Реальный суверенитет vs. экономика зависимости

После «крымского поворота» российской истории основные персонажи так называемой «несистемной оппозиции» стали не то чтобы крайне непопулярны, а радикально неинтересны. Историю в этот момент делала власть, сконцентрировав в одной точке преимущества стабильности и энергетику трансформации. Тот факт, что спустя три года либеральная фронда играет первым номером, возвращает себе инициативу в формировании повестки дня, не является вызовом власти президента, но является вызовом его лидерству.
Под лидерством я имею в виду не статическое состояние (политический облик президента Путина, его авторитет вполне устойчивы; в некотором смысле, они уже историческая данность), а динамический эффект – способность давать обществу осмысленную перспективу, вести за собой. Иными словами – быть в средоточии исторического процесса, где один успешный «ответ» влечет новый «вызов», и инициатива принадлежит тому, кто берется (не обязательно успешно, но убедительно) разрешить ключевые противоречия своего времени.
Одно из таких противоречий сегодня – это противоречие между демонстрируемым уровнем военно-политического суверенитета страны и моделью зависимого развития в экономической сфере. Подчеркну, речь в данном случае не о желаемом уровне экономического развития (понятно, что все мы хотим быть «богатыми и здоровыми»), а именно о его модели.

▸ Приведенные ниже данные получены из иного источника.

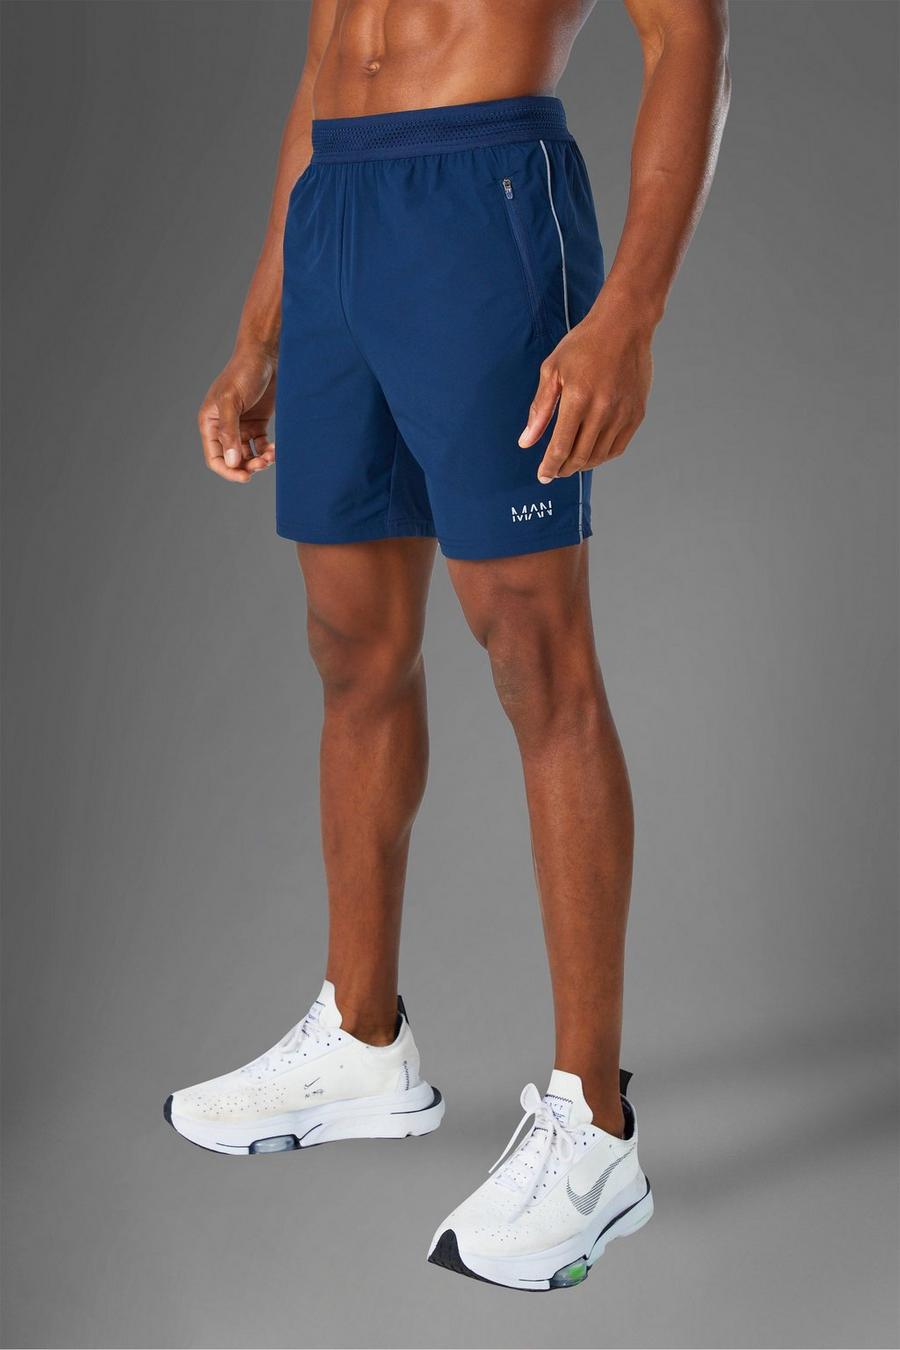 Pantalón corto MAN Active ligero, Navy azul marino image number 1

Модель зависимого развития – это, коротко говоря, модель тесной интеграции развивающихся стран в миросистему на условиях стран-лидеров.[1] В разные эпохи эти условия могут несколько варьировать. Применительно к реалиям финансовой глобализации конца XX – началаXXIвв. они были сформулированы в принципах так называемого «вашингтонского консенсуса». Жесткая денежно-кредитная политика, либерализация внешней торговли и финансовых рынков, свободный обменный курс национальной валюты, приватизация как панацея и дерегулирование экономики – эти и подобные им правила, сформулированные Джоном Вильямсоном в 1990 г. в статье «Что понимает Вашингтон под политикой реформ», составили макроэкономический кодекс неолиберала применительно к развивающимся рынкам. «Десять заповедей» «вашингтонского консенсуса» – это краткий конспект того, что нужно от нас глобальному капиталу.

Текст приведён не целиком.